Homey Pro is what you build when you refuse to make compromises. At $399, it is the most expensive hub in this guide by a significant margin, and the only consumer smart home hub that unifies every major wireless protocol — Zigbee, Z-Wave, Thread, Matter, Infrared, and 433MHz — under one roof with fully local processing and no cloud dependency. For serious smart home enthusiasts managing 50 or more devices across multiple brands and protocols, nothing else offers this combination at any price.
The Zigbee implementation is particularly comprehensive. Unlike the Echo Hub's Zigbee radio, which operates as an Alexa-ecosystem coordinator, Homey Pro's Zigbee stack is protocol-standard, supporting virtually every Zigbee 3.0 certified device. Philips Hue bulbs, IKEA TRÅDFRI sensors, Aqara motion detectors, Sonoff plugs, and devices from dozens of other brands pair directly without needing brand-specific bridges. The Z-Wave radio adds smart locks, in-wall switches, and security sensors from Schlage, Aeon Labs, and Fibaro. IR and 433MHz add control over air conditioners, ceiling fans, and older RF devices that no other hub at this price supports natively.
The Homey app is the defining software advantage — and it is genuinely exceptional. Where SmartThings feels like enterprise IT software and the Alexa app feels like a product designed for simplicity above power, Homey strikes the balance that every smart home platform has tried and mostly failed to achieve. The flow-based automation builder is visual, logical, and powerful: create conditions, triggers, and actions in a drag-and-drop interface that makes complex multi-step automations comprehensible. The mobile app design is clean and modern, with device overview, room layout, and automation history that are genuinely useful rather than decorative. Homey's 4.6/5 app rating is the highest of any hub in this guide.
Full local processing is the architecture that separates Homey Pro from most consumer hubs. Automations execute on the device in milliseconds — no cloud round-trip, no latency, no dependency on Athom's servers. This matters both for reliability (automations continue during internet outages) and for privacy (your device state and automation patterns stay on your home network). Athom has demonstrated better-than-average commitment to long-term platform support, with regular firmware updates and a growing developer community creating apps for niche devices and services.
The device support library extends beyond the built-in radios through the Homey App Store, which lists 50,000+ devices supported through 1,000+ community and official apps. This includes not only Zigbee and Z-Wave hardware but also cloud integrations with Sonos, Spotify, Google Calendar, and Slack.
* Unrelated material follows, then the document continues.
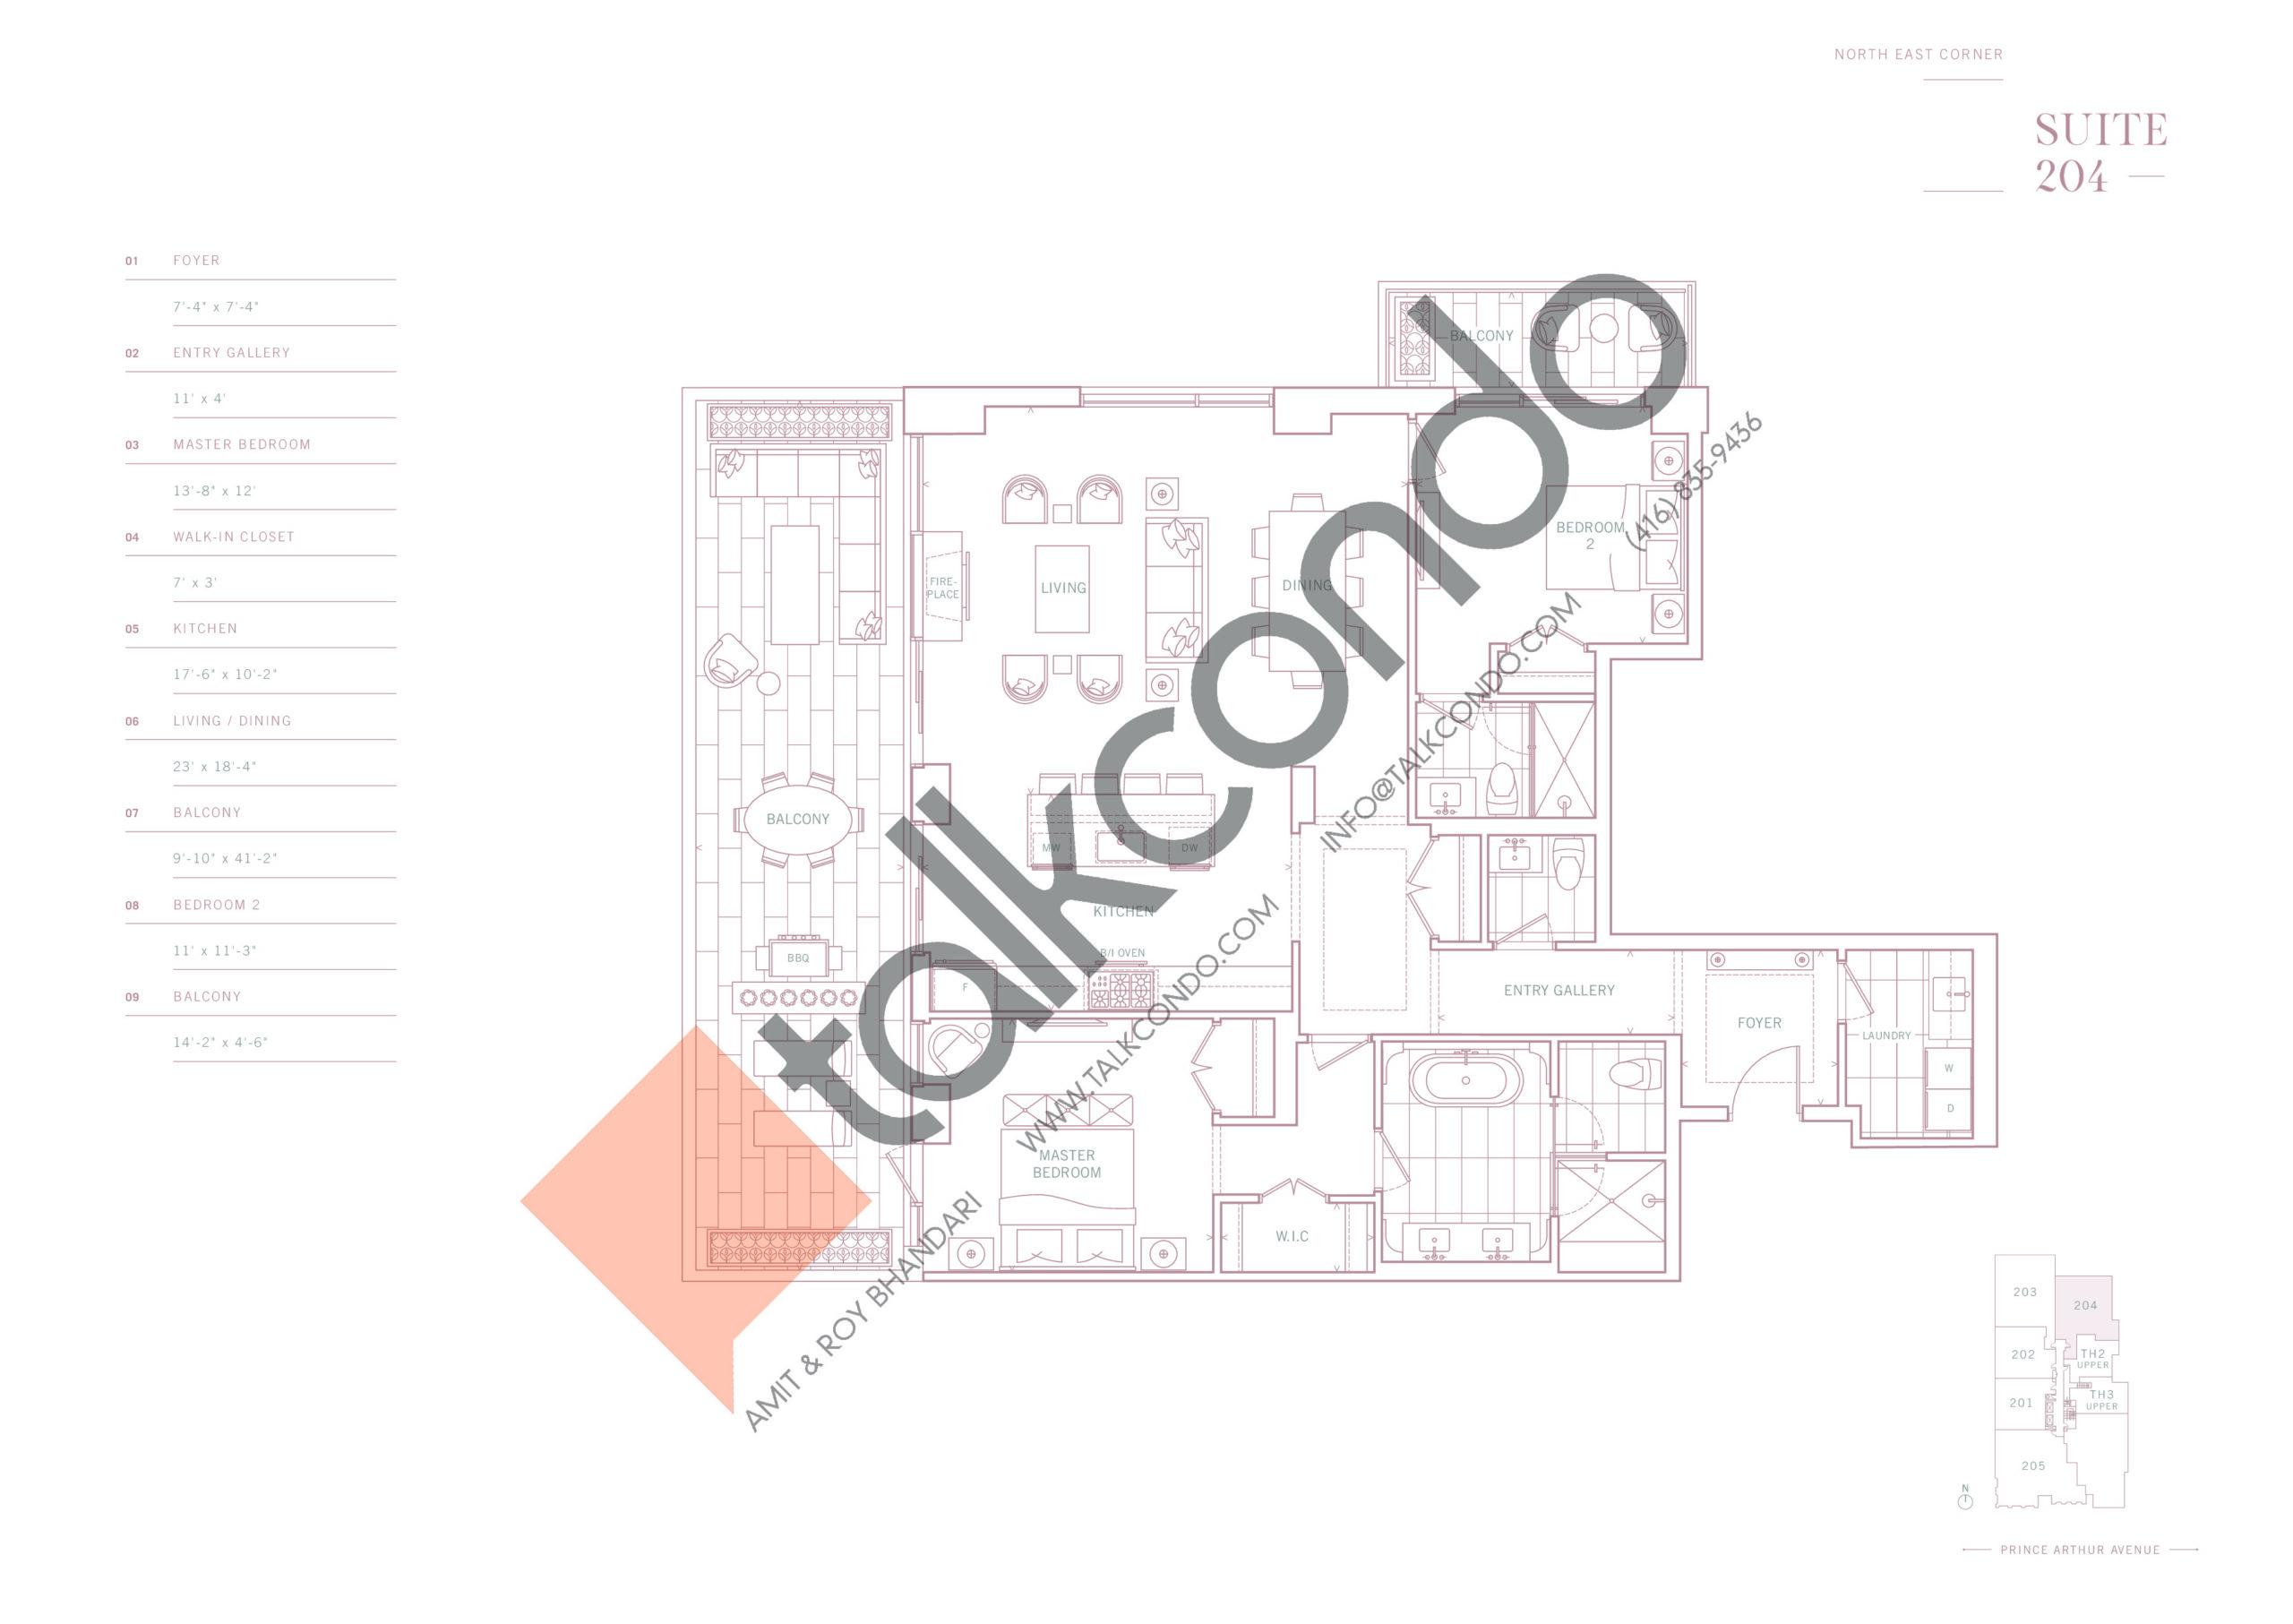 Suite 204 Floor Plan at 10 Prince Arthur Condos - 1646 sq.ft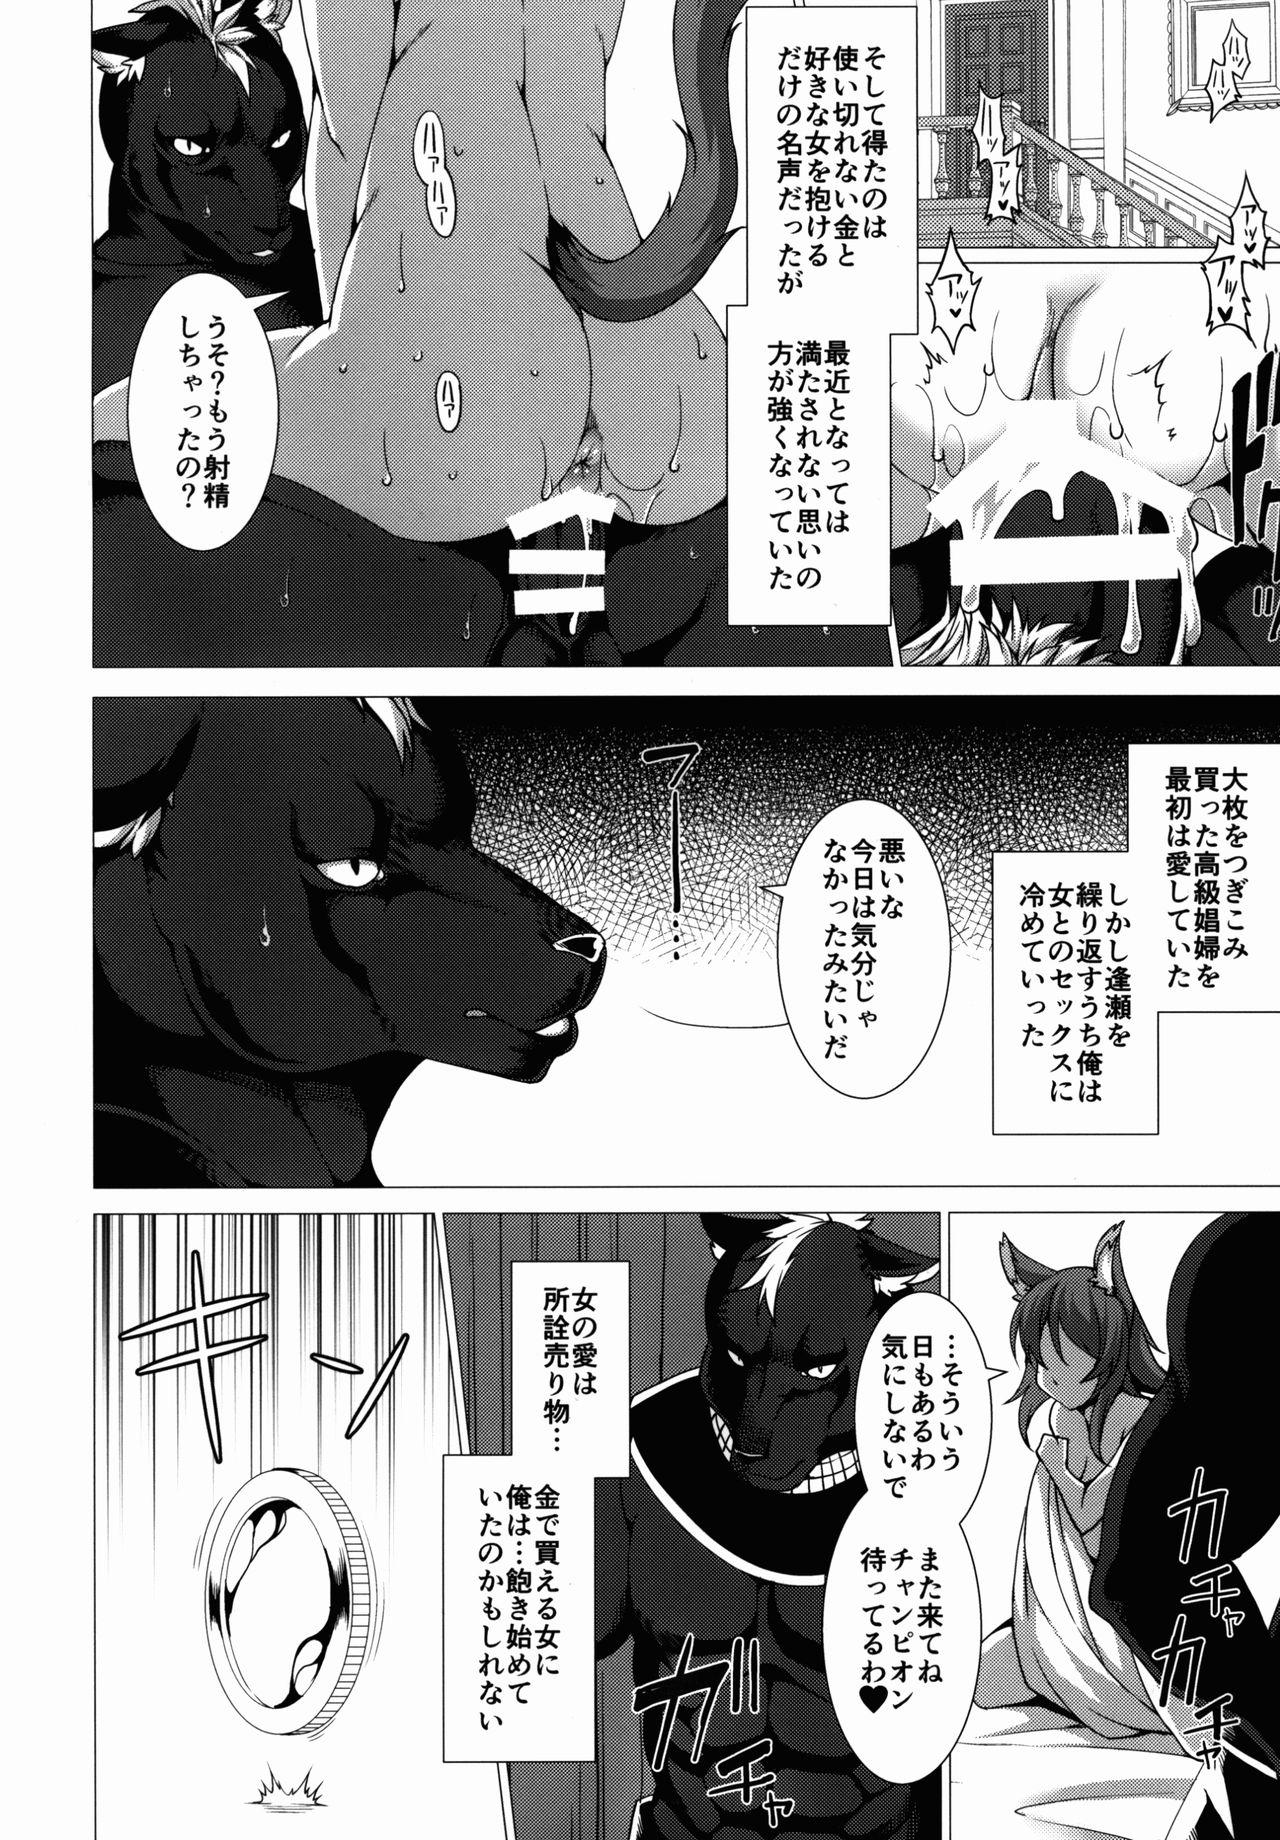 【エロ漫画・エロ同人】最強の獣人が普通のエッチに飽きてスラム街の幼女を犯しまくってるwww (4)

You can build automations that trigger on a calendar event, adjust music volume based on room occupancy, or send a notification when the washing machine cycle ends — logic that goes well beyond device switching into genuine home intelligence.
Voice assistant compatibility is complete. Homey Pro works natively with Amazon Alexa, Google Home, and Apple HomeKit simultaneously — a combination only matched by the most protocol-agnostic hubs in this guide. For households with a mix of voice assistants, Homey Pro acts as a neutral layer that exposes all devices to all three ecosystems simultaneously. Add a device to Homey once and control it via Siri, Alexa, or Google Assistant without any additional configuration.
At $399, the Homey Pro costs more than two Echo Hubs, or an Echo Hub plus a Hubitat Elevation. The investment is justified for homes with 50+ devices across multiple protocols, for buyers who want a single hub that definitively handles every current and future protocol scenario, and for anyone who values a consumer-quality app with power-user depth. For simpler setups — a one-bedroom apartment with a dozen smart bulbs and a few sensors — it is overkill, and the SwitchBot Hub 2, Echo Hub, or Aqara Hub M3 will serve better at a fraction of the cost.
Homey Pro is the right answer for large multi-protocol smart home setups, households with IR or 433MHz legacy devices that other hubs cannot control, privacy-conscious buyers who want full local processing with a consumer-friendly app, and anyone who wants every major voice assistant supported simultaneously. It is the wrong answer for beginners, smaller setups, budget-conscious buyers, and anyone who would not get meaningful value from the six-protocol hardware stack.